__WHAT TO DO__.
Within the lines below, the span from the line with "Google-2000-676.png" to the line with "Erik Leather Chelsea", both ends included, is to be reproduced exactly, with pictures omitted.

__RECORDS FOR THIS TASK__.

Segment Open

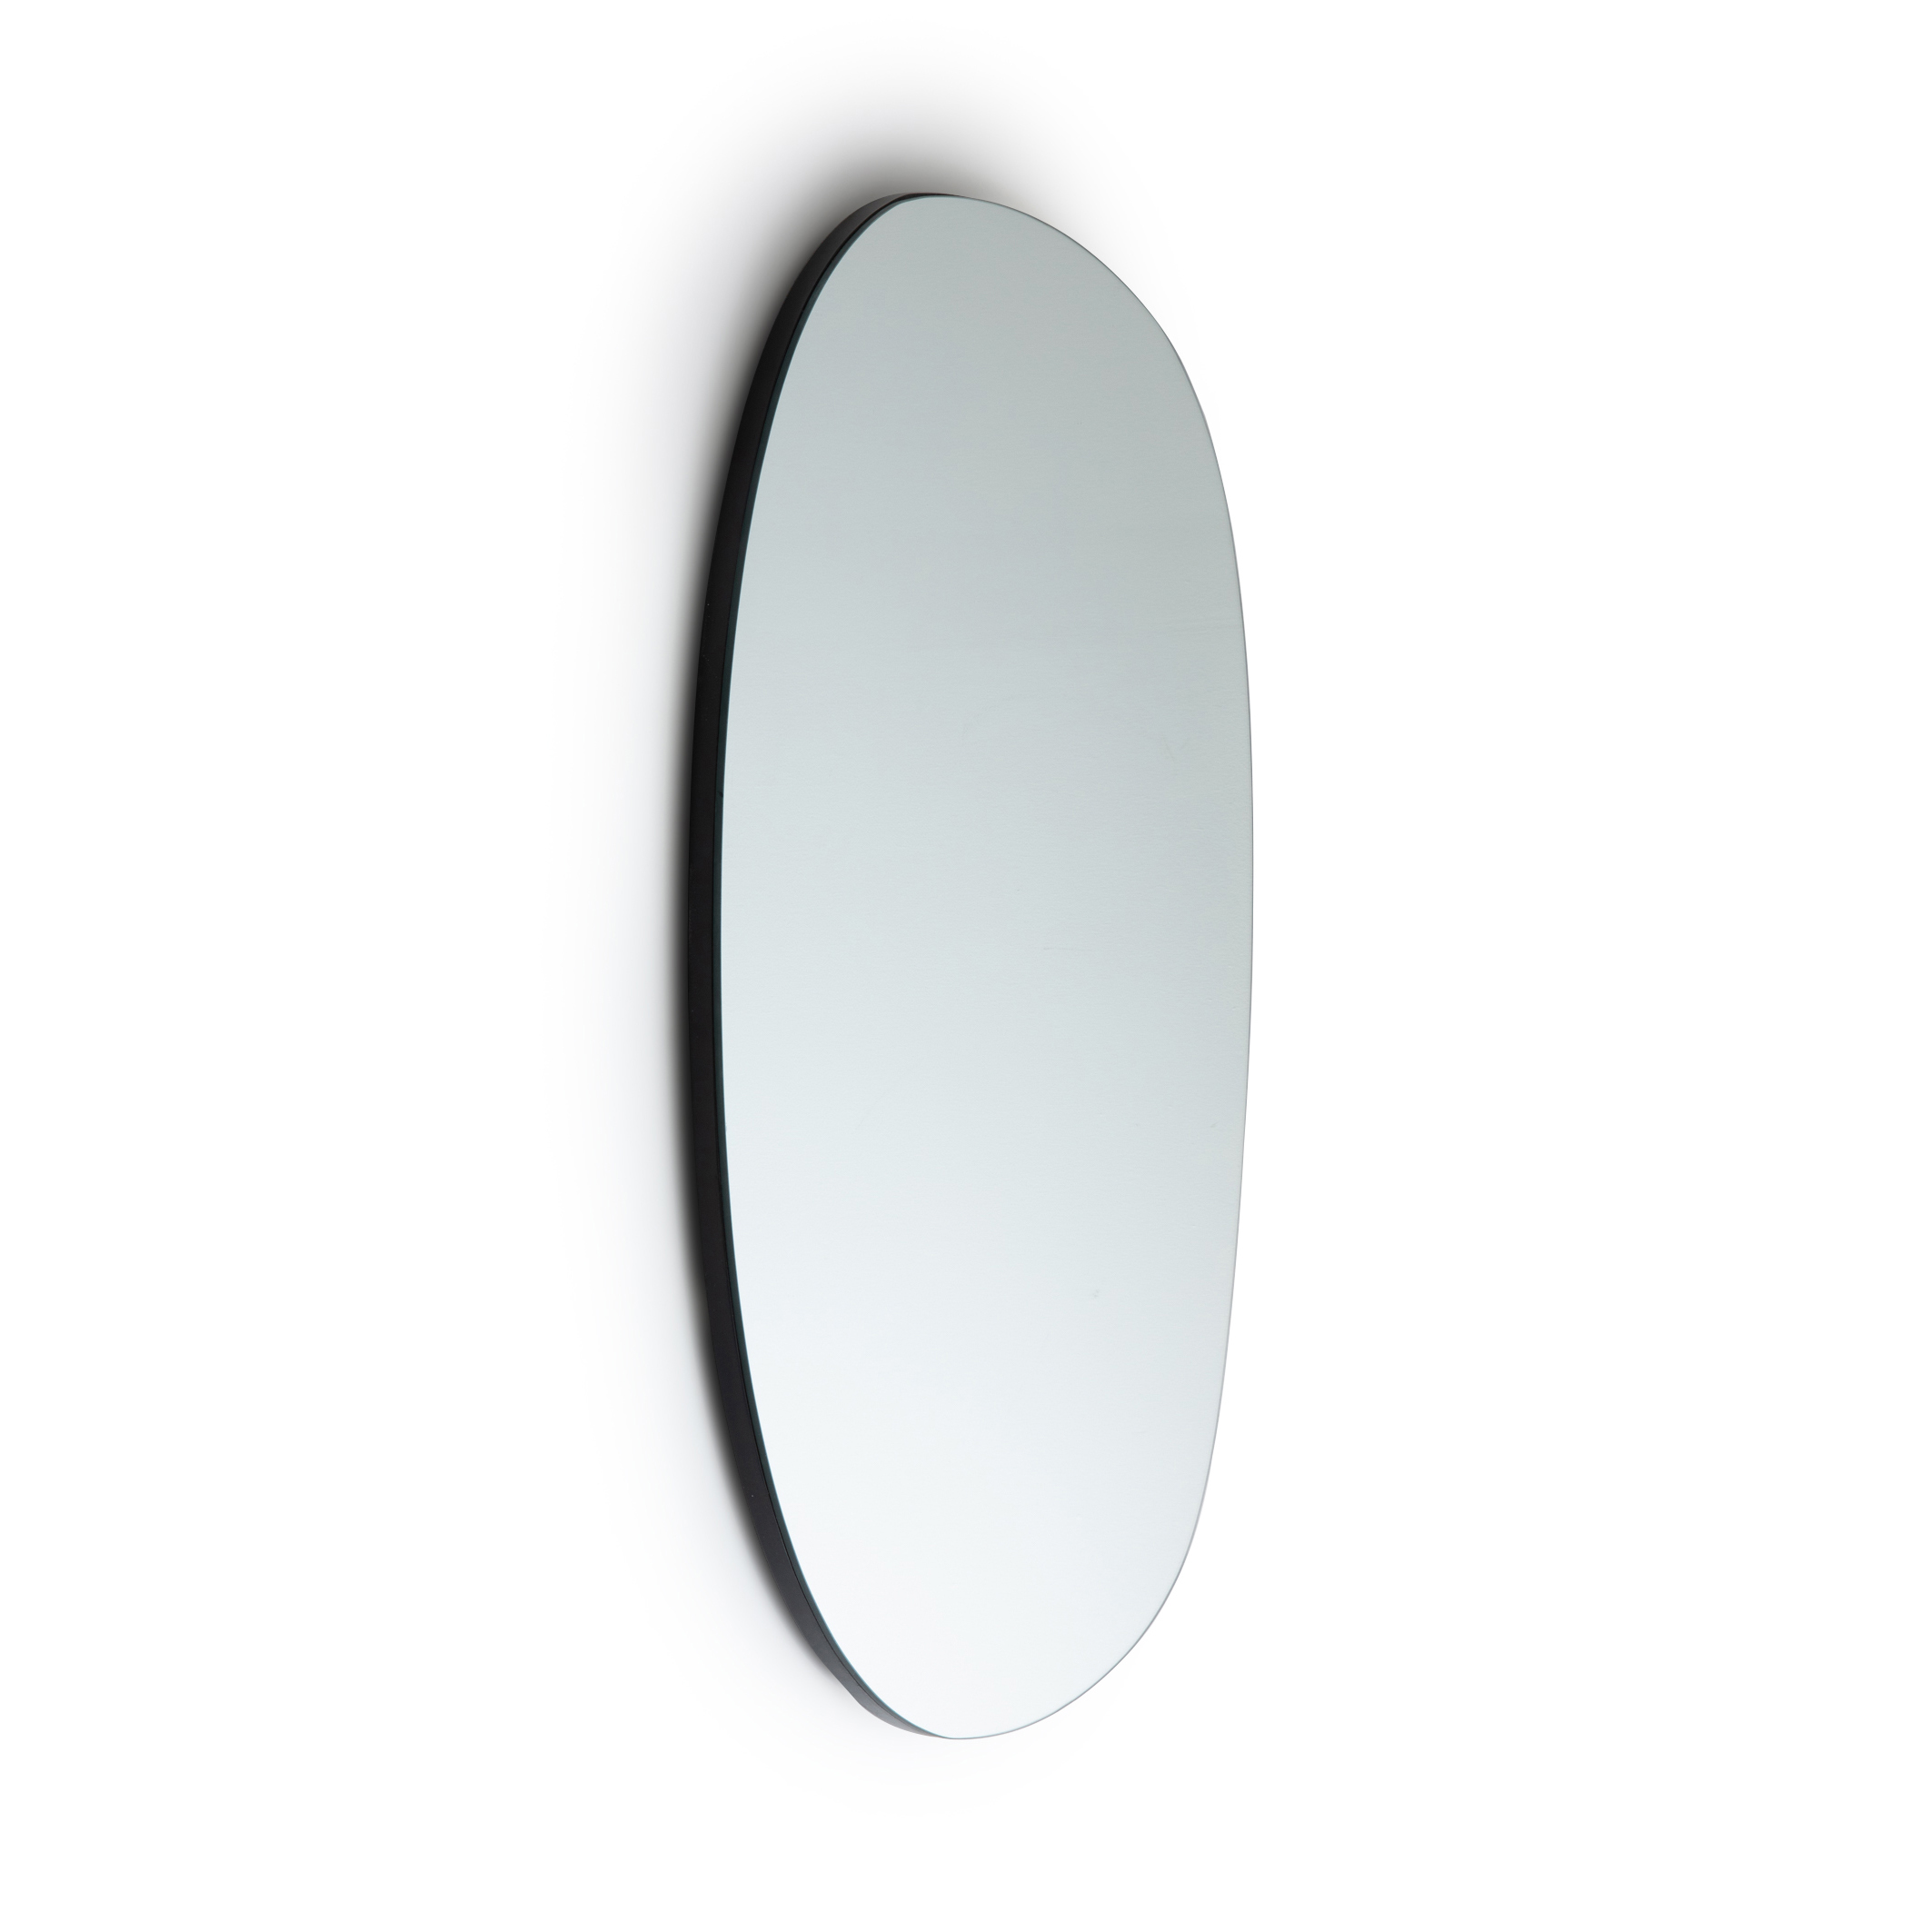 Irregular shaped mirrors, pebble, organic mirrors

Segment Closed
Segment Open

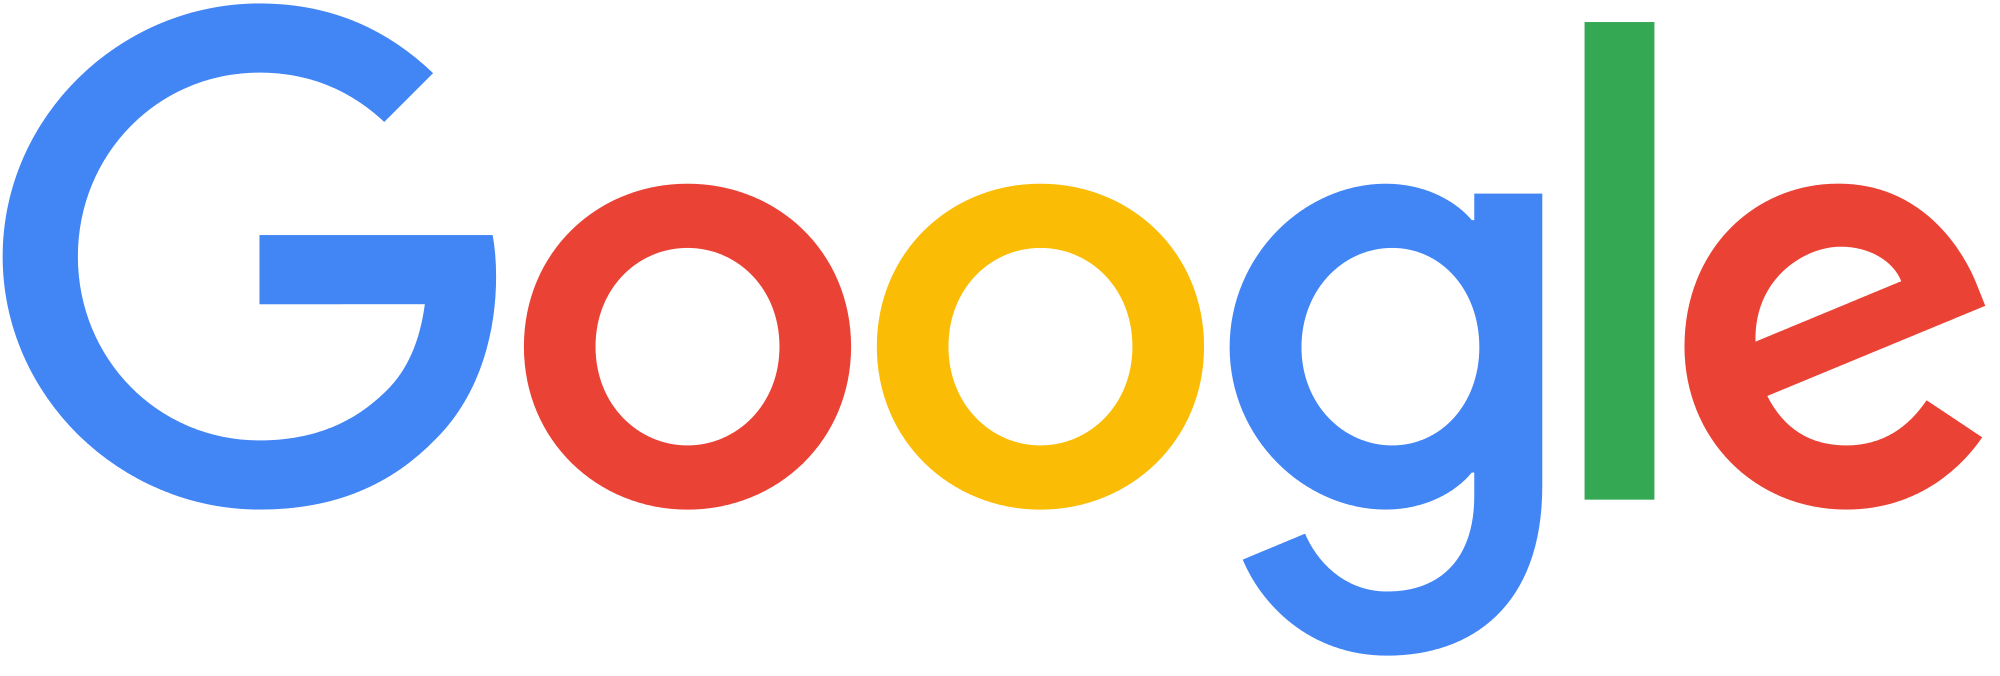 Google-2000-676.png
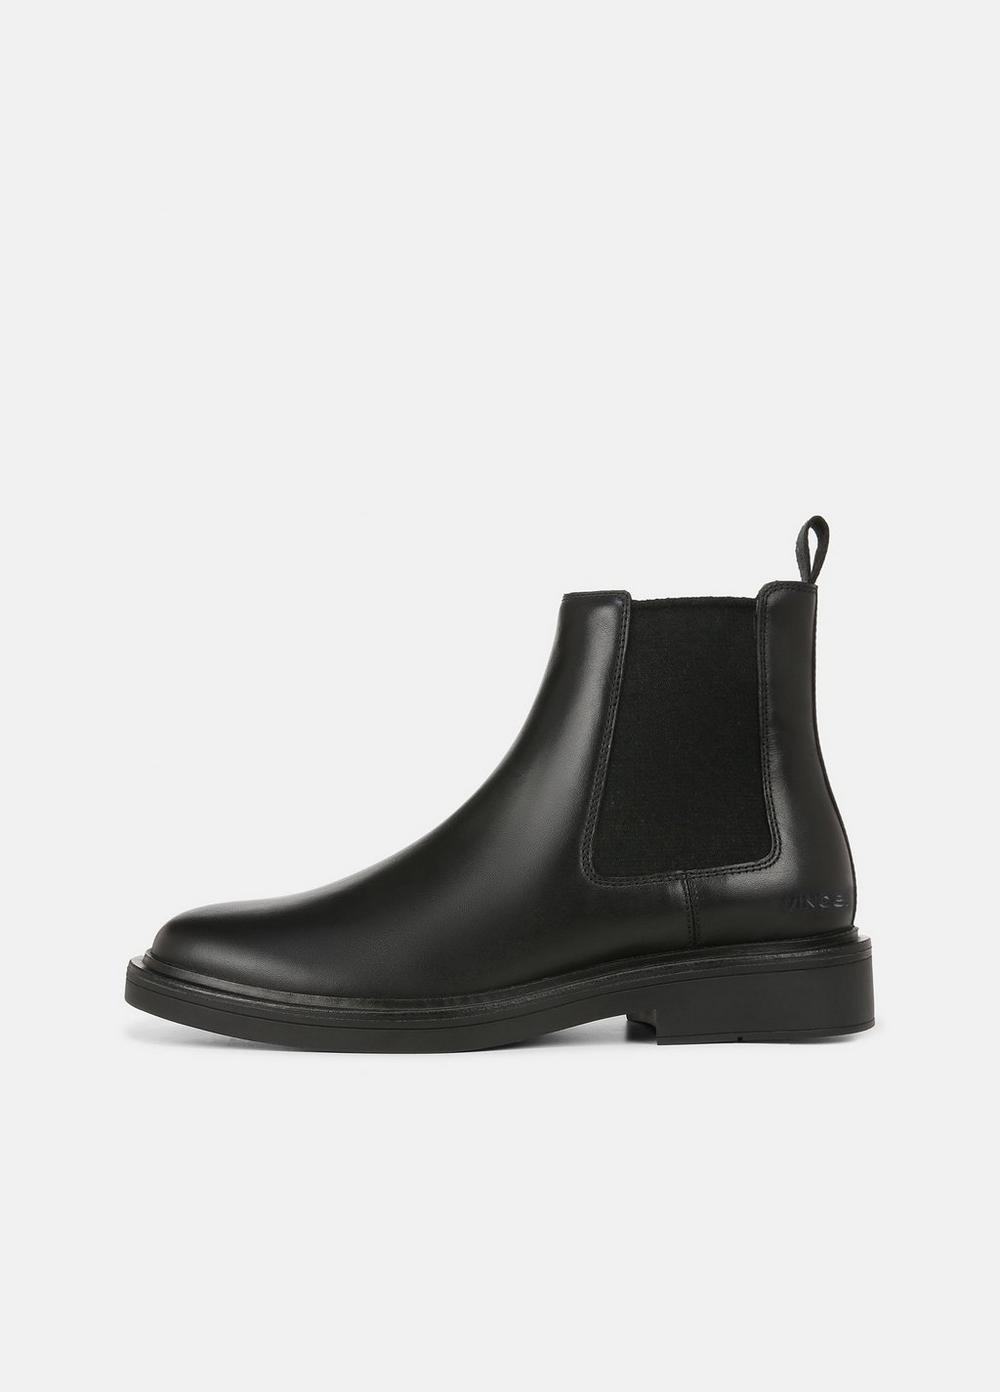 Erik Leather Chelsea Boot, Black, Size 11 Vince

Segment Closed
Segment Open

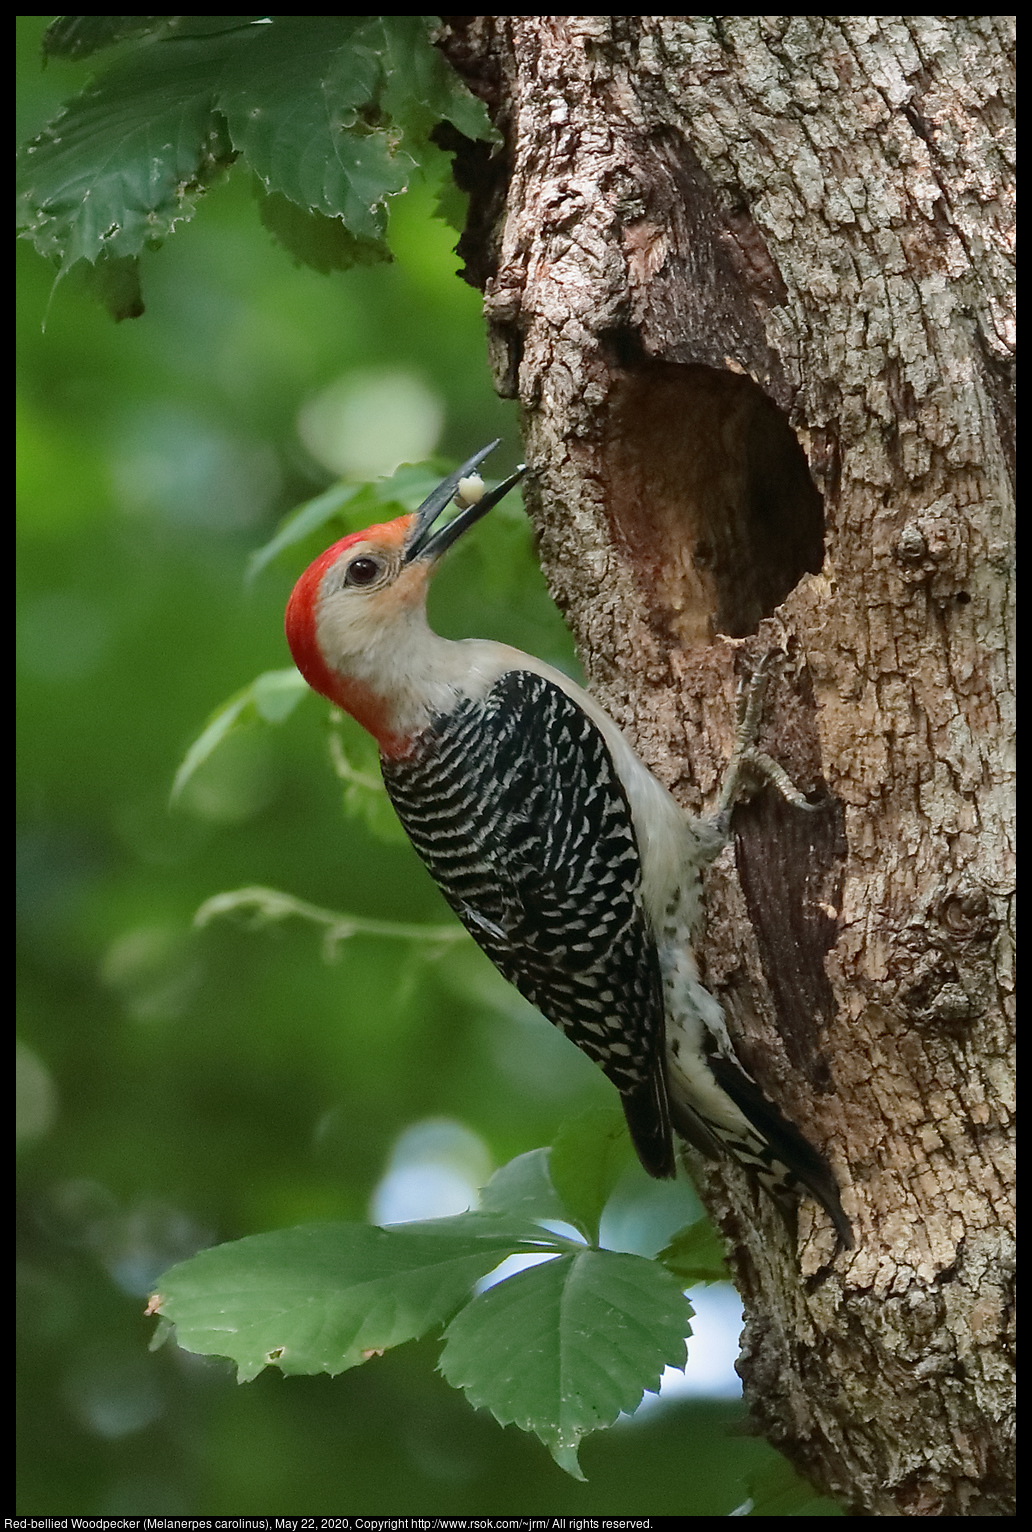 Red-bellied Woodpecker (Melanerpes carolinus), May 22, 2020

Segment Closed

__RESPONSE FOR THIS EXERCISE__.
 Google-2000-676.png
 Erik Leather Chelsea Boot, Black, Size 11 Vince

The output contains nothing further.